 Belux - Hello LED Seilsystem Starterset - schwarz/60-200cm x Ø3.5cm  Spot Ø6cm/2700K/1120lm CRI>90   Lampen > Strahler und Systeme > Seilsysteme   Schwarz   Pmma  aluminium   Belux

──────────

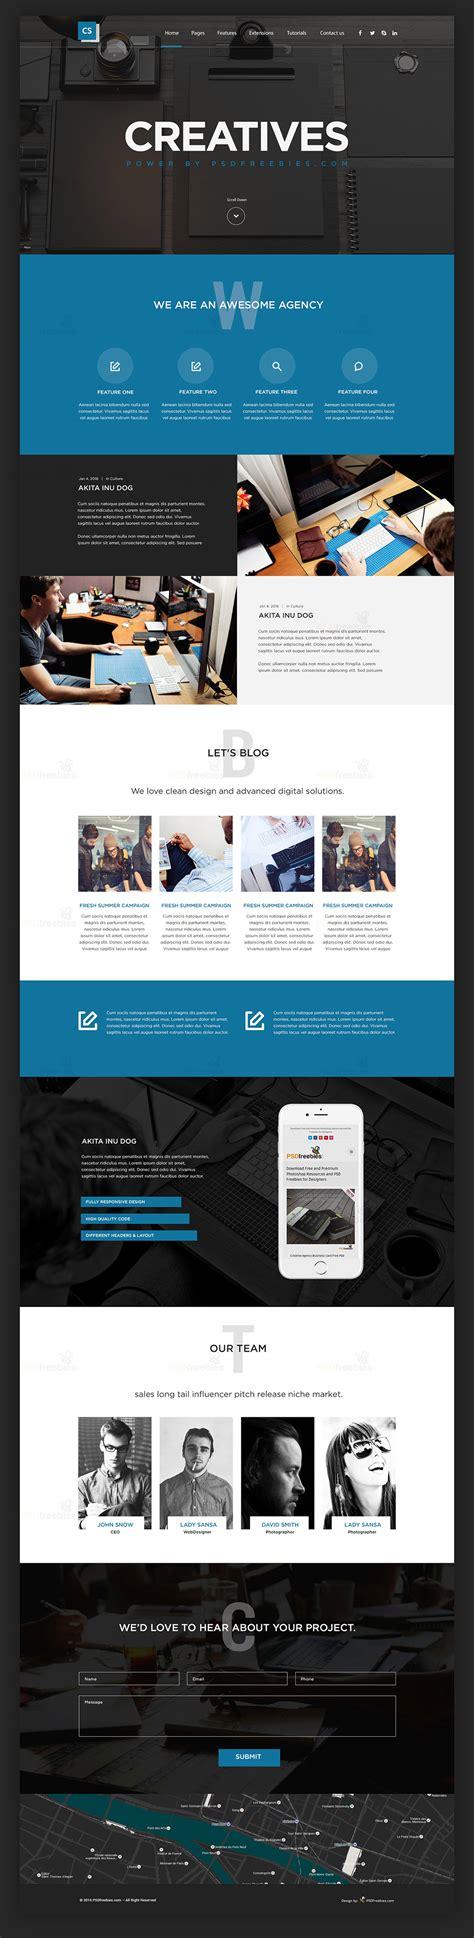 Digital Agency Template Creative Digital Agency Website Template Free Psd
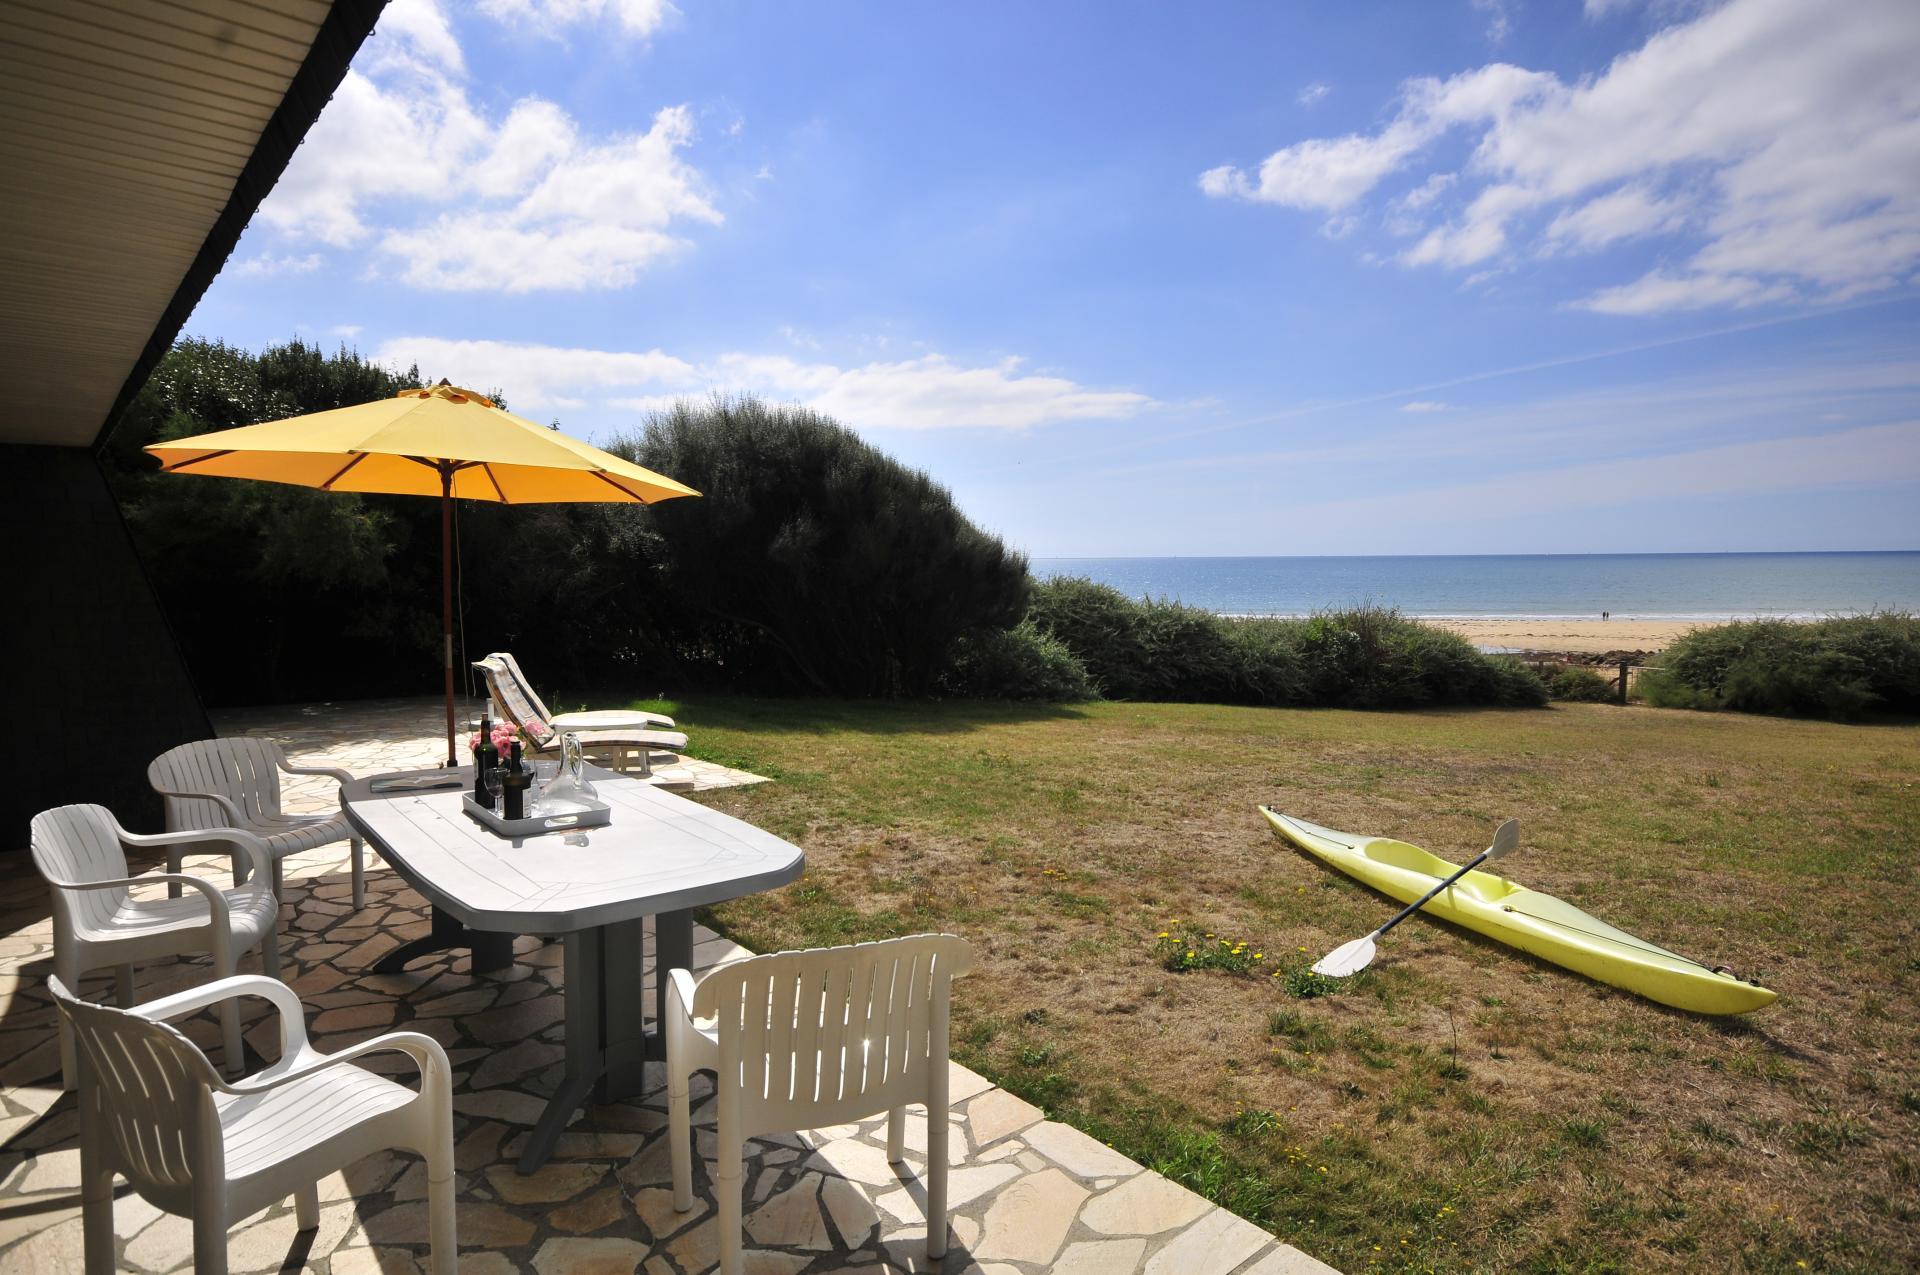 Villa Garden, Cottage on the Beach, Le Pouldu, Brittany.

──────────

GOAL OF THE EXERCISE. In the listing above, find the line containing "Digital Agency Template" and the line containing "Villa Garden, Cottage", then print exactly those two lines and every line between them, minus the pictures.

RESPONSE BELOW.
 Digital Agency Template Creative Digital Agency Website Template Free Psd
 Villa Garden, Cottage on the Beach, Le Pouldu, Brittany.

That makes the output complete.